Task objective |
Your answer should be only the lines below from the one with "正版唱片 零点乐队 永恒的起点 华语摇滚音乐CD专辑 车载碟片" to the one with "حافظة جلدية رجالية", repeated exactly, ends included.

Input |
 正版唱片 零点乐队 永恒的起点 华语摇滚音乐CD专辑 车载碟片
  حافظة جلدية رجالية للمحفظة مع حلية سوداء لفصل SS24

* * *

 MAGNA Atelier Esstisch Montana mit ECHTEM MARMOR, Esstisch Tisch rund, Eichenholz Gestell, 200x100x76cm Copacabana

...

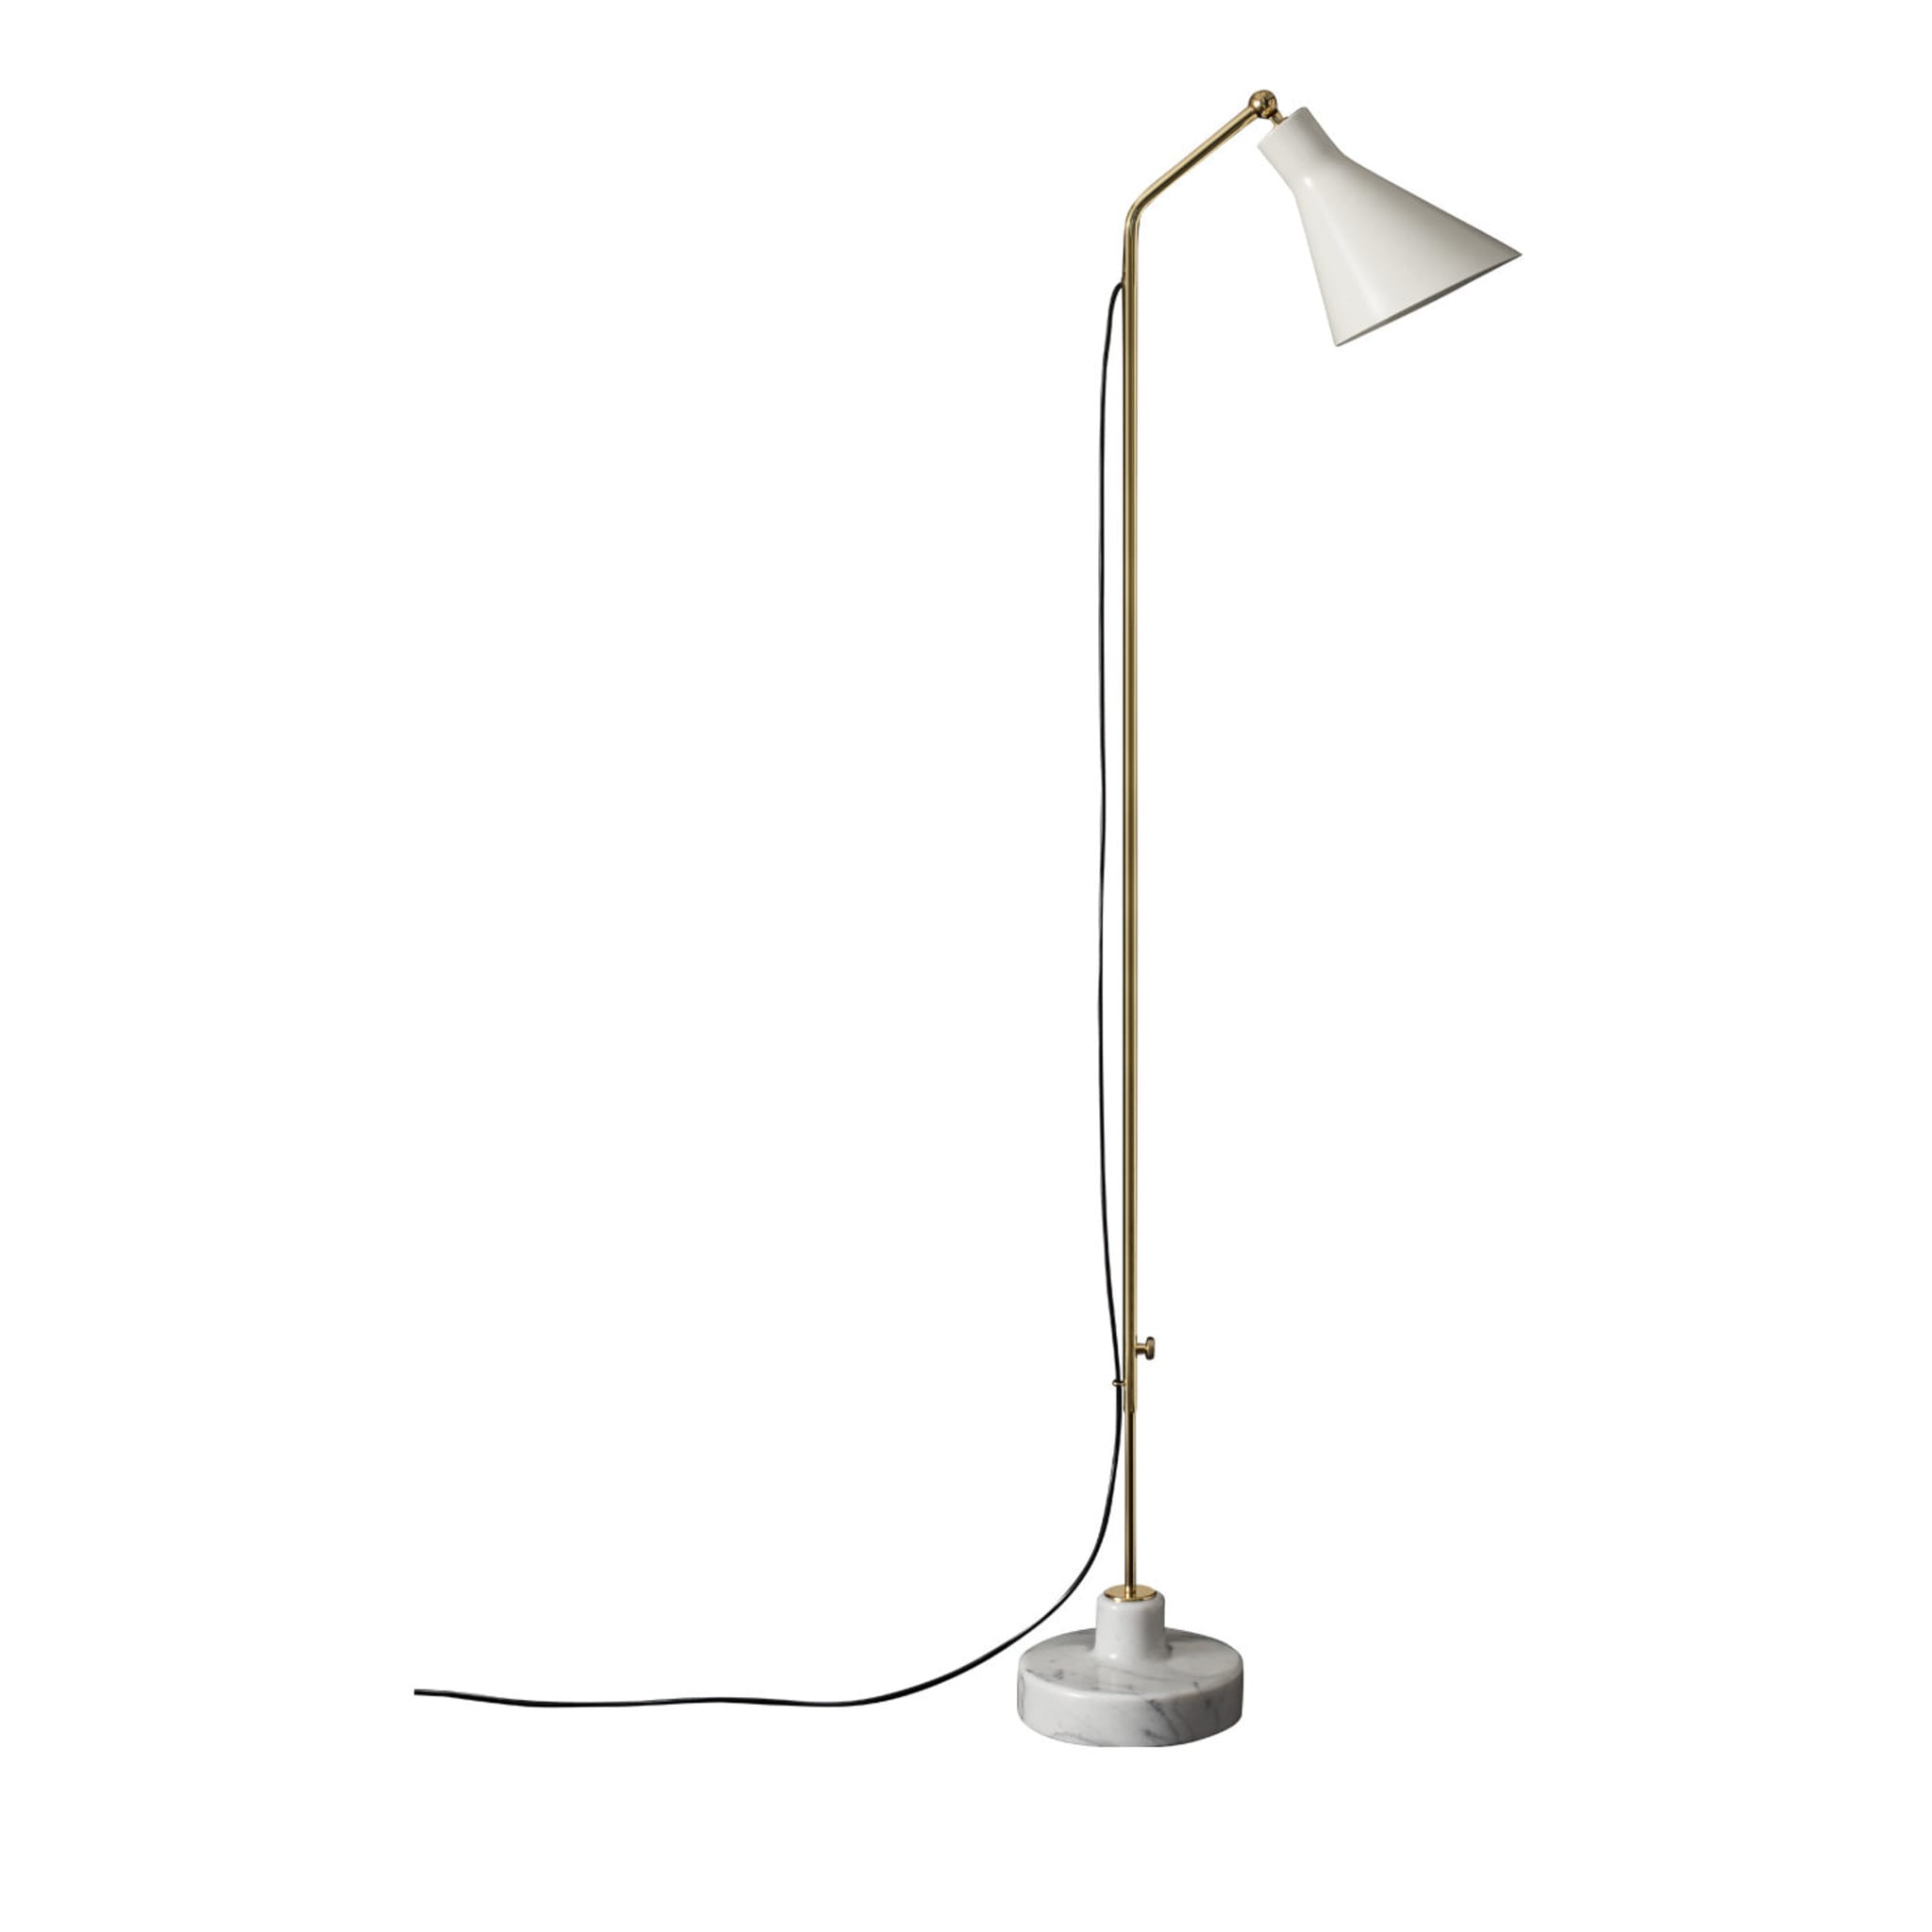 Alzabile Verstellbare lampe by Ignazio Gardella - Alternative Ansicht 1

Exercise response |
 正版唱片 零点乐队 永恒的起点 华语摇滚音乐CD专辑 车载碟片
  حافظة جلدية رجالية للمحفظة مع حلية سوداء لفصل SS24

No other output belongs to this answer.